Stability in the foundation and in the structure is a first requisite in every new house, whatever its size or equipment, provided it is not strictly a temporary affair. Cracks in the woodwork and plaster, doors that stick and jam, and openings that let in rain and snow result inevitably if the foundations settle or if the walls or framework become distorted. The foundation wall itself should be at least eight inches thick if of solid concrete. If of other materials, it may need to be thicker. It should extend in depth below the frost line and have adequate footings whose width will depend upon the bearing value of the local soil. If piers or posts are used instead of foundation walls, corresponding precautions should be taken-and no wooden foundation posts should be used without preservative treatment to ward off decay and attacks by insects.
1 Adapted from "Some Problems of the Small Home," Journal of Home Economics, May, 1930.
The walls and framework of the house obviously should be substantial, with all the important parts well tied together. Yet, after severe windstorms, we learn of roofs that are blown off, because they merely rested on the top of brick walls, without being anchored by ties to the masonry; frame houses that get out of plumb because they did not have proper diagonal bracing; and porches and ells that are wrenched loose because they were not tied to the main structure. In regions subject to high winds, frame houses without plaster to add weight and rigidity are in an especially dangerous position, unless they are well anchored to the foundations. The too common sagging roof line is generally a sign of the spreading of side walls caused by the thrust of the rafters, a condition which might have been avoided by using proper ties. Mistakes in design of interior framework, resulting in unequal shrinkage, often result in distortion of the whole frame and cracking of the plaster.

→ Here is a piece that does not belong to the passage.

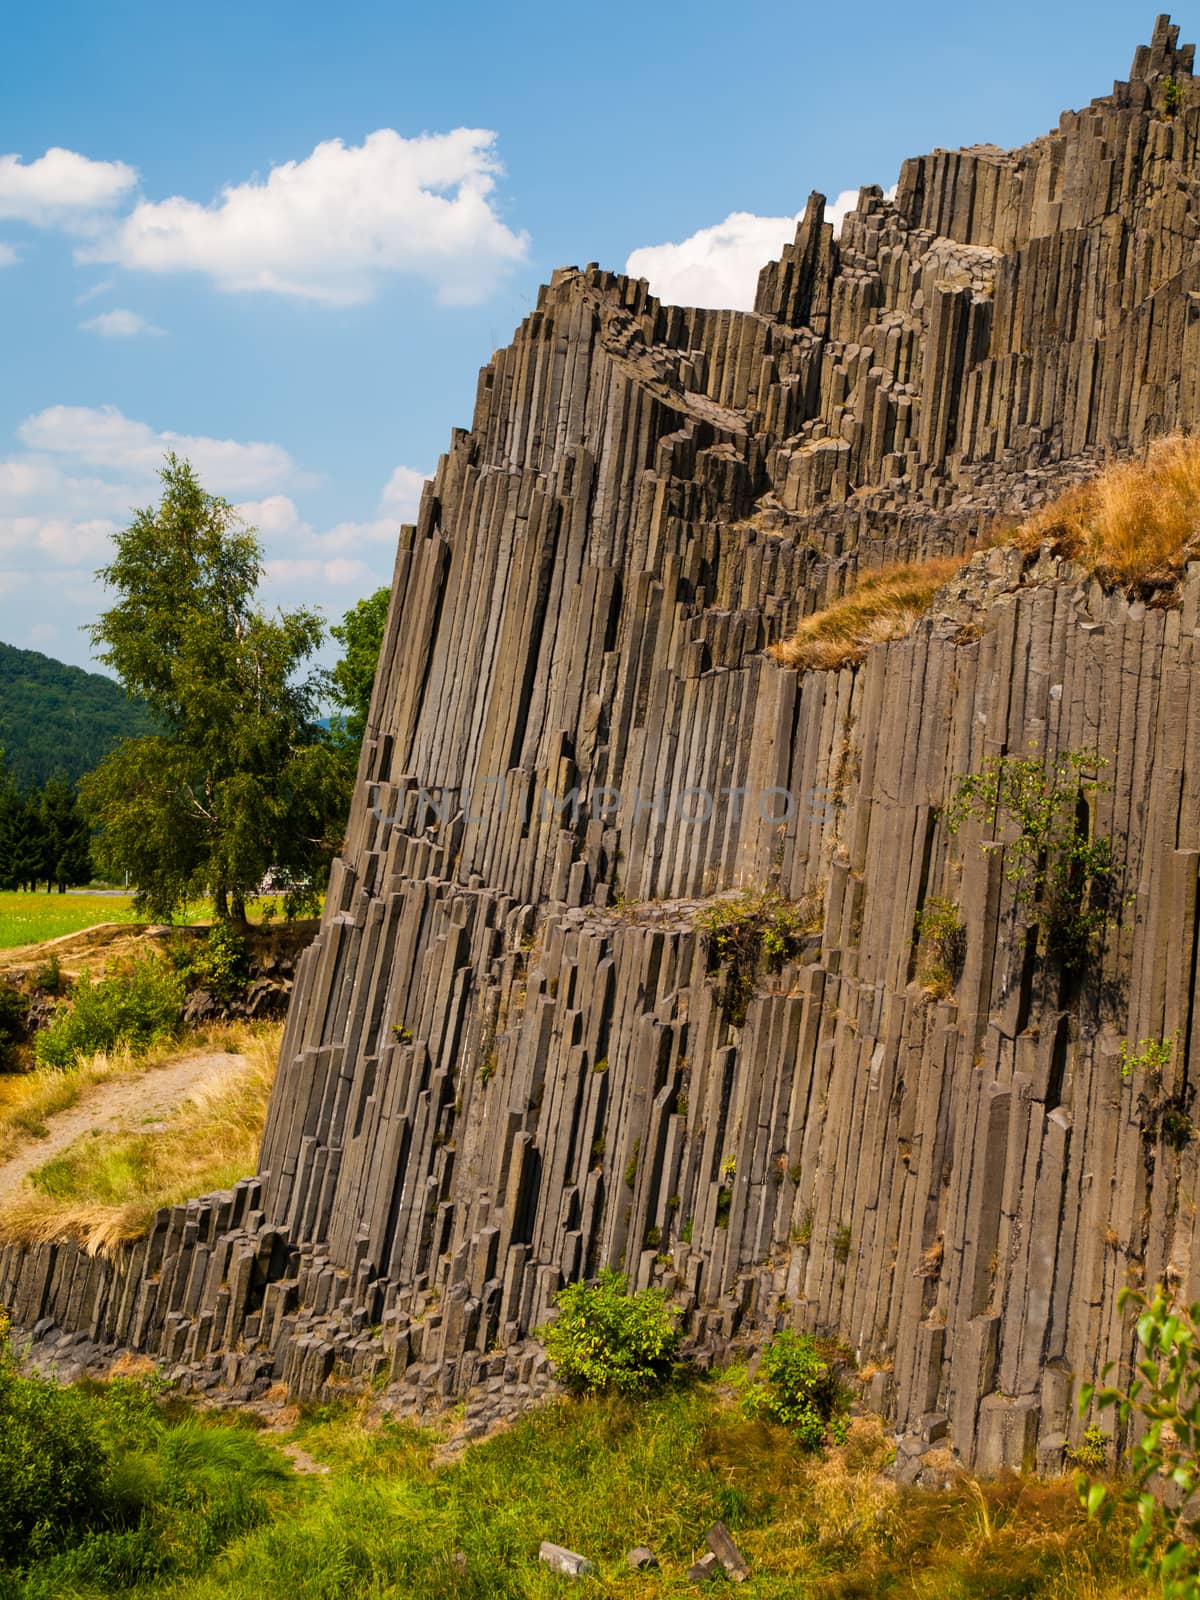 Basalt organ pipes by pyty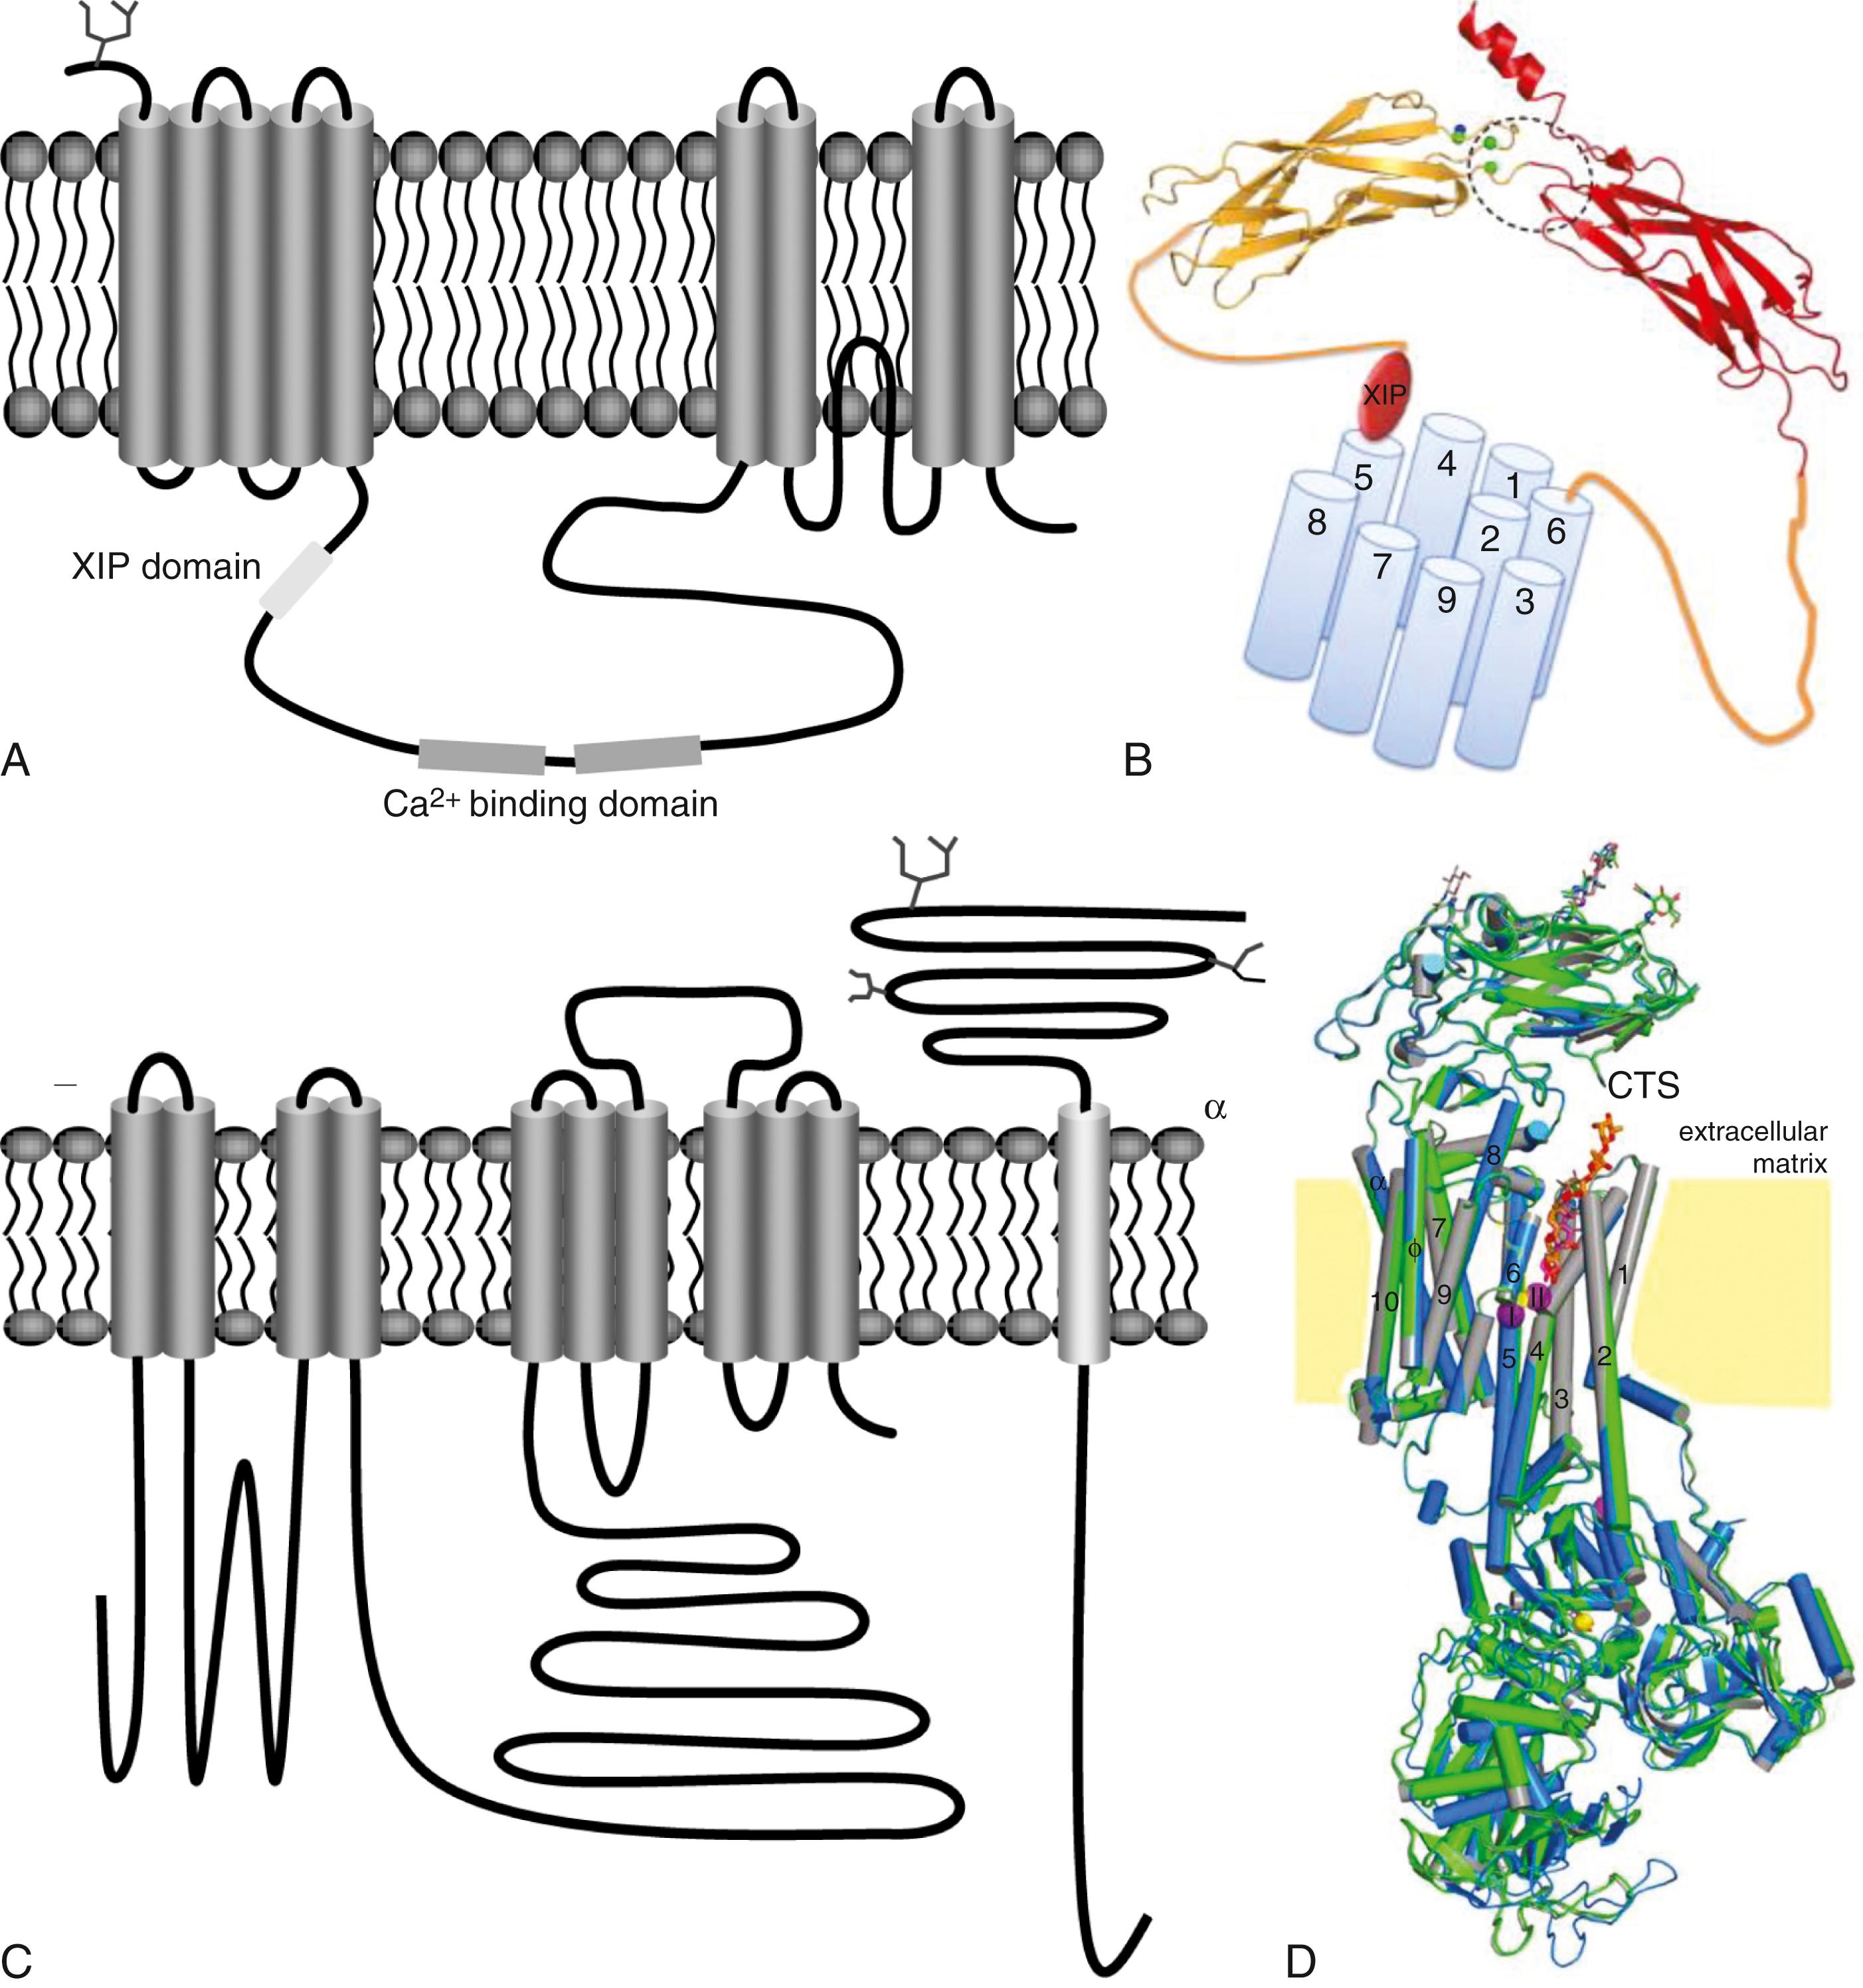 FIGURE 62.9, Transmembrane topology and predicted structures of Na + /Ca 2+ exchanger (NCX) and the Na + ,K + -ATPase (Na pump). A, Predicted topology of NCX, the cytoplasmic segment includes an autoinhibitory domain (XIP) and two Ca 2+ -binding domains. B, Predicted structure; the cytoplasmic surface is on top. C, Topologic structure of the α and β subunits of Na + ,K + -ATPase. D, Overlapping structures of the Na pump bound to three different cardiotonic steroids. CTS, Cardiotonic steroid.

Diagonal sheathing is recommended as preferable to horizontal, except for stucco houses, where it has been found that less cracking of stucco occurs with horizontal sheathing and adequate corner bracing. Eight-inch brick walls should have a row of headers at least every sixth course.1
Adequate protection from wind, rain, and snow is essential. Nothing adds so much to the expense of keeping up a house or makes it run down so fast as chronic leakage, and for this reason intersecting surfaces of the roof, wall, window openings, and other danger points particularly should be water-tight. Adequate protection against fire is important. In many houses, there is a free passage for air from the cellar to the attic between the studs in the outside walls. This means that a fire starting in the basement or on the first floor is given every opportunity to spread to the whole house. It also gives cold air from the attic free play to chill the basement and the side walls of rooms, and allows rats and mice to move about as they please. The remedy is to insert masonry or some other incombustible material, or 2X4 lumber, in these wall spaces at the floor and the top ceiling levels. Chimneys, fireplaces, stoves, furnaces, and stovepipes are frequently the sources of fires. Omission of flue lining and placing of combustible materials against chimnevs are faults to be guarded against.2
2 Farmers' Bulletin 1230, of the Department of Agriculture, entitled "Chimneys and Fireplaces," contains excellent material on such points and also tells how fireplaces may be equipped so as to serve as warm-air heaters. Pamphlets of the Department of Agriculture and the Bureau of Standards contain directions for protection against lightning.
In connection with interior wall finish and heat insulation, the home builder has a wide range of choices. In a frame house that is to be sheathed, good waterproof building paper in the wall is probably the least costly step toward assuring a warm house at reasonable expense. Weatherstripping around doors and windows comes next. Insulating materials over the top floor ceiling joists, or under the roof, and in the walls, and storm windows may all be used to advantage.1 It must be remembered that it is relatively hard to add heat insulating materials in the walls after the house is built, whereas weatherstripping, or heat insulation on the attic floor or under the roof can be added at any time. The interior walls may be finished with wood or metal lath and plaster, with plaster board, a composition material that takes the place of lath and of the rough coat of plaster; or with a wall board which can be used without further finish, or decorated as desired; or interior walls may be ceiled with matched lumber. Any of these can be surfaced with any of a wide variety of materials.